As Dr. Bingham states in his first sentence, "...it is imperative that our decision-makers and the public are able to distinguish fact from fiction." It is not an opinion piece.
In any case, unless a lot changes, it seems the effect of FH on SLS will be nothing. The author does a good job explaining why that's the case. You may think it's bunk, but that's how these decisions are made by the people who make these decisions.
would be nice to read pieces where they go through pro's and cons of sls and address the issues.. rather than..this is a great rocket..or this rocket should be cancelled. I'd probably would hate the article but would be nice to see. discussion of distributed launch HAS to be involved in the article or pointless to write/read it.
Can we just storify Jon Goff's tweets and call it a day?
discussion of distributed launch HAS to be involved in the article or pointless to write/read it.
Quote from: jabe on 02/22/2018 10:01 pmdiscussion of distributed launch HAS to be involved in the article or pointless to write/read it.You might feel that way but until someone actually demonstrates distributed launch I don't know why you'd expect it to be considered on par with more traditional solutions. As with reuse, it may take someone doing it to really bring credibility to that solution.

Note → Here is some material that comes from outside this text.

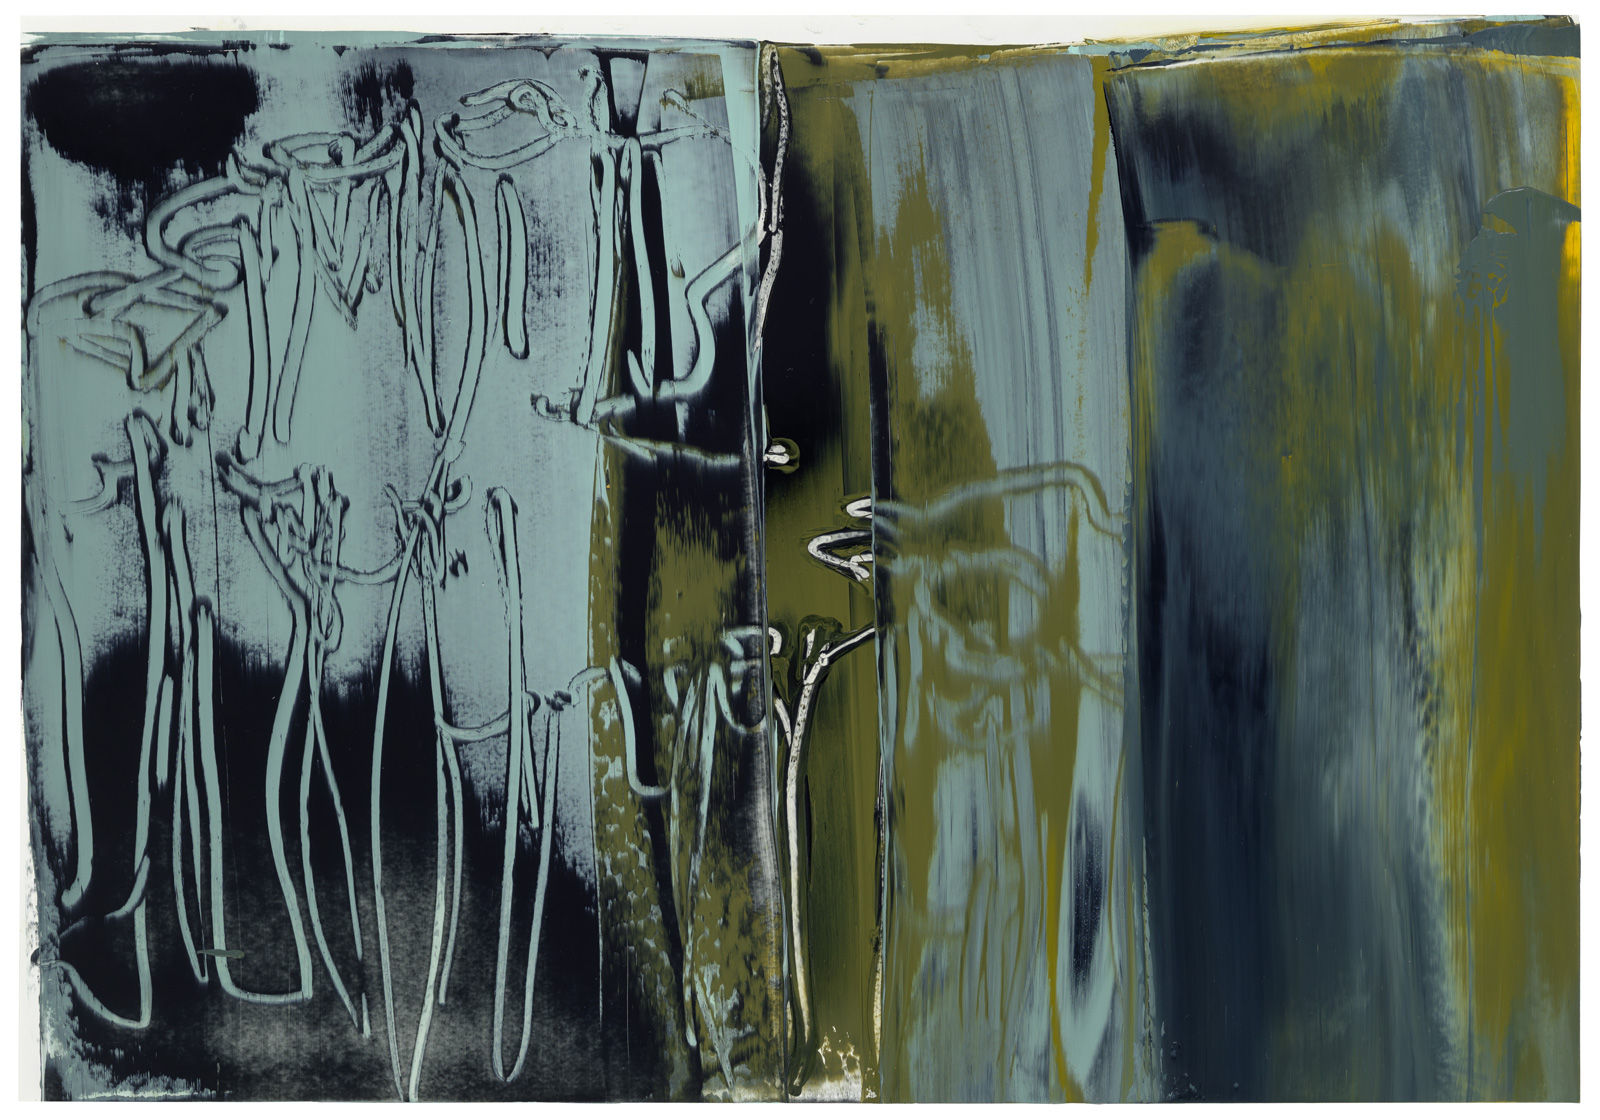 Sepiapfeiler, Öl auf Papier, 36x51cm, 2019

.@rocketrepreneur @jabe8 Practical distributed launch will be a capability unique to Vulcan-ACES. ACES the primary enabler & a decade+ ahead
Jon Goff got me thinking about it years ago..and makes more sense as I read about it...even Tory Bruno said that nasty word considering who his "parents" are... so it is a real solution..
I agree it's a real solution, and hopefully it does get demonstrated in the next 5+ years (probably by SpaceX before ULA). I just think the establishment might still view it as an immature technology.
Mission planners currently are limited by the mass rockets can launch to the desired destination. Mir and the International Space Station (ISS) have bypassed this limitation by transporting hardware into orbit across numerous launches. So far this tact has not been employed for destinations beyond Low Earth Orbit (LEO). This paper describes the use of multiple launches (potentially of different rockets) and propellant transfer to enable missions that are impossible today...
So if I'm interpreting that correctly, ULA is stating that distributed lift has been demonstrated for applications in LEO, but not yet for BEO applications.
Falcon Heavy does not need separate human rating. The Emergency Detection System that a human rated launch vehicle must have is already part of the vehicle; it is intrinsically woven into the basic design......the Falcon 9 that will carry it is already human rated. Falcon Heavy is (3) Falcon-9 cores plus the upper stage, all of which are, by design, human rated. It's part of the base design. It can only be "designed out".......
We do not need SLS to do the heavy lifting. We can use FH and distributed lift. FH is real and SLS only exists on paper. NASA should be designing missions to FH specs and not a rocket that will never fly more than three or four times.